The bioengineers behind an award-winning device that could save health services thousands of pounds have created a spin-out company from the University.
Professor Trish Connolly and colleagues have set up Ohmedics Ltd to commercialise their pioneering wound monitor, which brings better wound management to patients.
The system allows doctors and nurses to check whether a wound is moist - the optimum condition for healing - without having to remove the dressing. This reduces pain and skin trauma to the patient and limits opportunities for infection, as well as saving valuable staff time changing dressings unnecessarily.
The technology is designed for use in hospitals, surgeries and for community use and the home, and can be adopted for any kind of chronic or acute wound.
Ohmedics was set up following a highly successful clinical trial in Glasgow, supported by Proof of Concept funding from Scottish Enterprise. It is hoped the first product will be available later this month.
Ohmedics CEO, Professor Connolly, who is based at the University of Strathclyde's Institute of Medical Devices, said: "With chronic leg ulcers alone affecting 10 out of every 1,000 adults in the western world at some time in their lives, the need for effective wound care is clear.
"When we developed the wound monitor, we sought the views of clinicians from NHS Greater Glasgow and Clyde to ensure the device met staff and patient needs. We're delighted to now be in a position to launch Ohmedics.
"Currently, if a doctor or nurse wants to check how a wound is healing, they have to remove the dressing - a process which can disturb the wound and be detrimental to the healing process, as well as leading to patient discomfort.
"The new monitor means dressings aren't changed or disturbed unless they need to be, allowing wounds to heal as quickly as possibly and enabling the patient to get on with life. The system also lessens pressure on valuable resources - both in terms of staff time and unnecessary dressings."
The technology uses a tiny, disposable sensor which is attached to the gauze of a dressing.

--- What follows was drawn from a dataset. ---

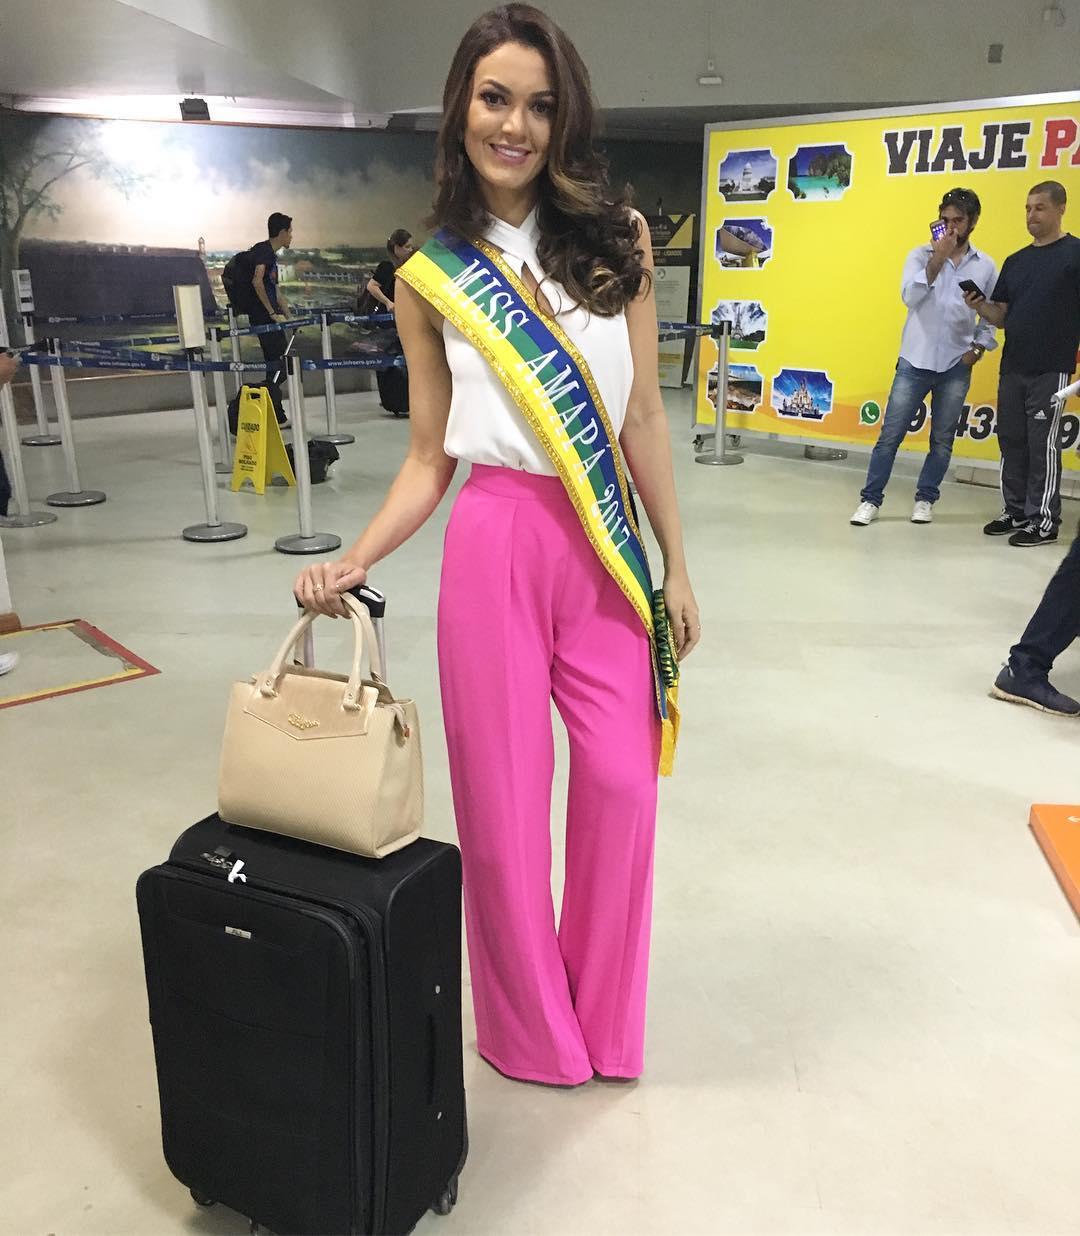 jessica pacheco, miss amapa universo 2017. Ffl5s5kp

A hand-held meter attached to the sensor displays whether the dressing is moist - and likely to heal well if left alone - or too wet or dry.
The researchers received the Award for Innovation for the wound monitor from Scots life sciences network, Nexxus, in November 2007.
Ohmedics is already moving from strength to strength with the expertise of its new board, which includes Chair John Thomson, formerly Chief Investment Officer for Standard Life and an alumnus of the University; Biotechnology entrepreneur Simon Best; and Alistair MacWilliam, formerly General manager of Shell Glasgow.
Operational staff have also been appointed to the team, including Sales Director John Hilferty, formerly with Amersham International, and Technical Director Nasser Djennati of Hall Effect Technology and IVMD.
Dr Alan Lindsay, Industrial Interface Manager at Strathclyde Institute for Medical Devices, said: "I am delighted that Ohmedics has now been established. It has the potential to be a significant commercial success as it is designed to meet the needs of patients and hard-pressed health services around the world.
"The board has the combination of experience, energy and enthusiasm to help the company realise its potential."
Ohmedics will have offices in the Strathclyde Incubator for its product launch and the wound monitor will be manufactured in Scotland.
The University of Strathclyde was recently rated as one of the UK's top 10 universities to work with by the business community. Ohmedics brings the University's total number of spin-out companies to nearly 50.